EXERCISE DESCRIPTION:
The expected result is an exact copy of the lines from the one holding "How a river" to the last line of the material, with pictures removed and nothing added.

DATA EXTRACT:
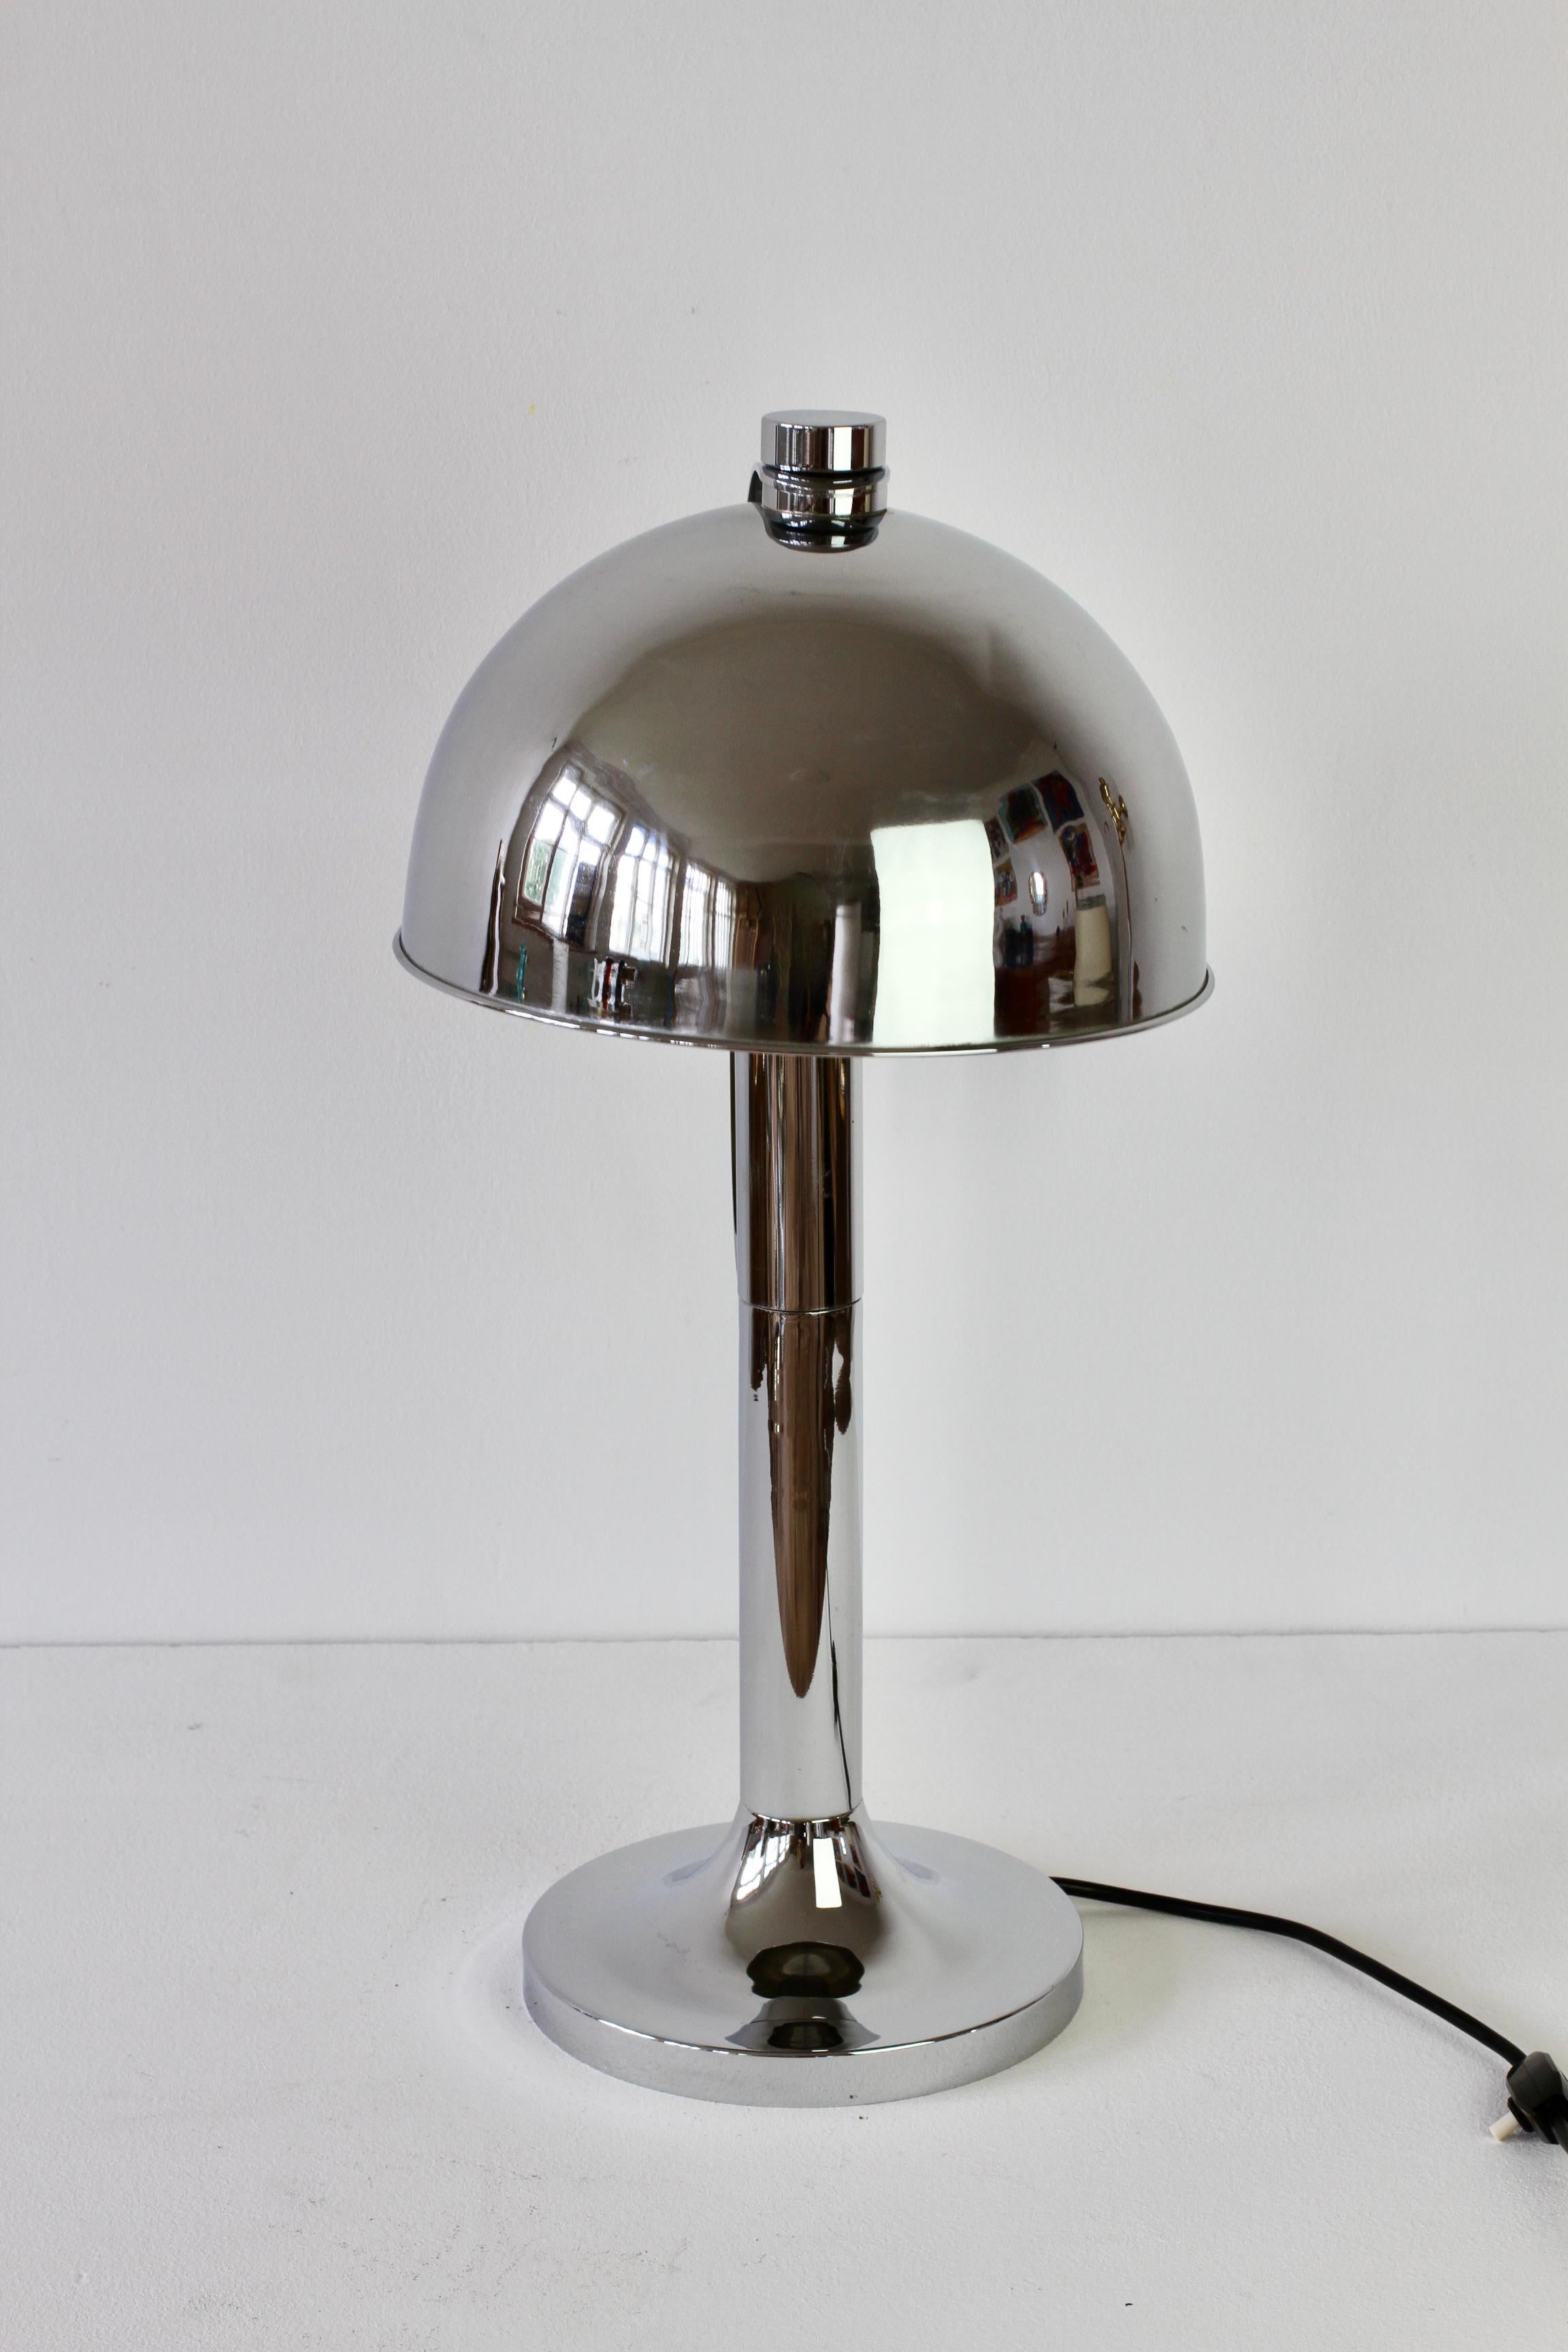 Seltene Mid-Century Modern Tischlampe oder Schreibtischlampe von Florian Schulz aus Deutschland um 1970. Mit ihren polierten, verchromten Messingbeschlägen (jetzt mit altersbedingter Patina) und dem verstellbaren, runden Schirm ist sie die perfekte
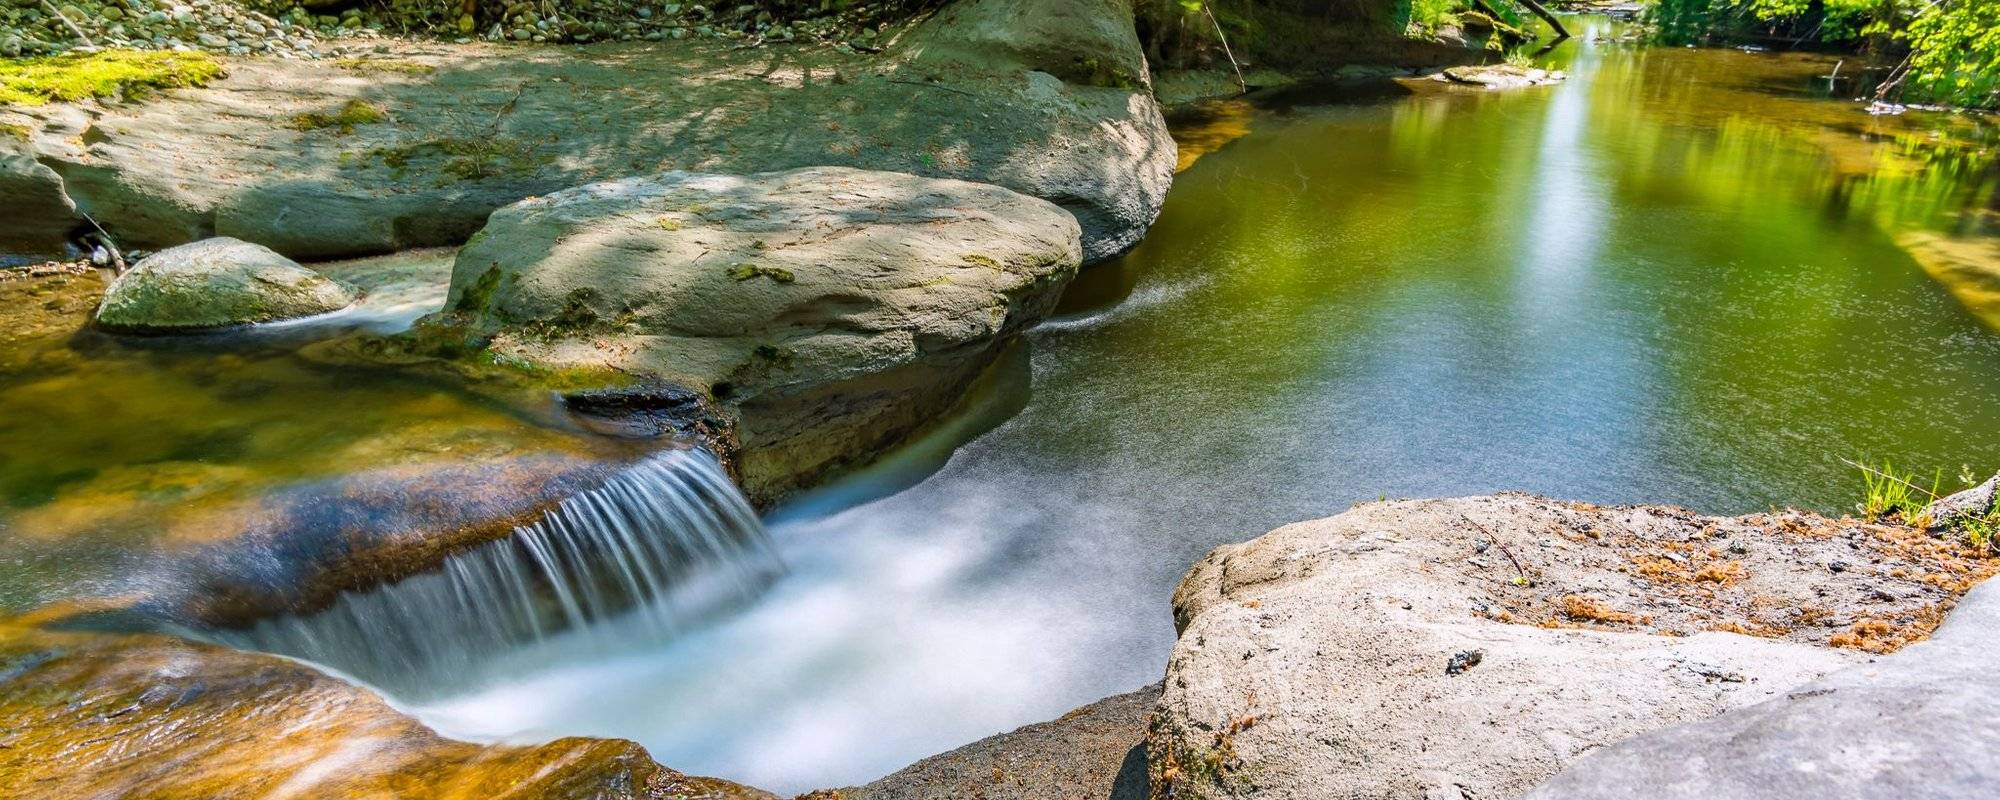 How a river created a small nature paradise in Upper Swabia - Wie ein Fluss in Oberschwaben ein kleines Naturparadies schuf [EN/DE]
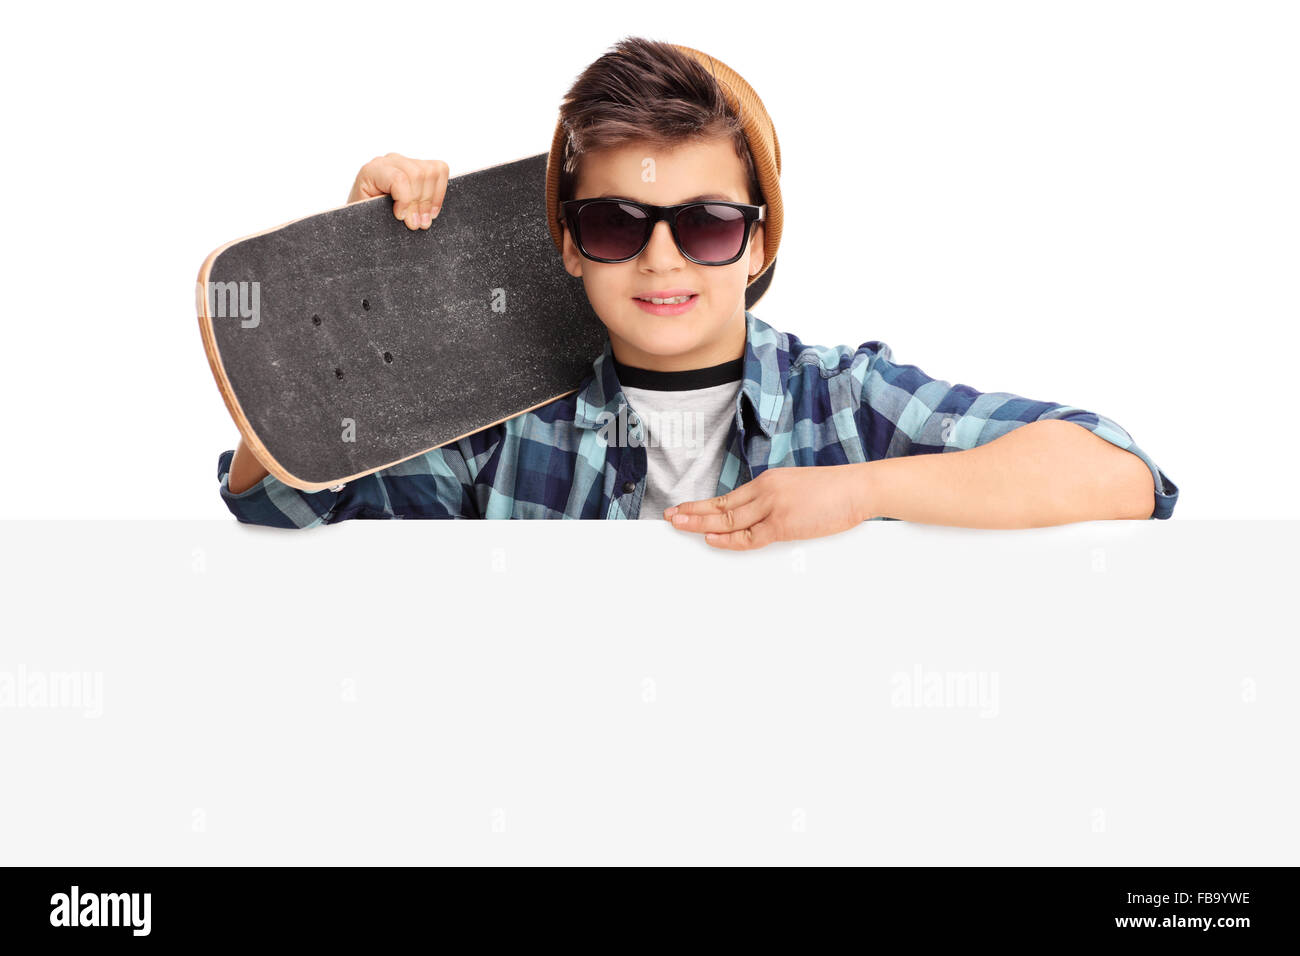 Petit garçon avec des lunettes de la tenue d'un skateboard et posant derrière un panneau isolé sur fond blanc Banque D'Images

SOLVED PROBLEM:
 How a river created a small nature paradise in Upper Swabia - Wie ein Fluss in Oberschwaben ein kleines Naturparadies schuf [EN/DE]
 Petit garçon avec des lunettes de la tenue d'un skateboard et posant derrière un panneau isolé sur fond blanc Banque D'Images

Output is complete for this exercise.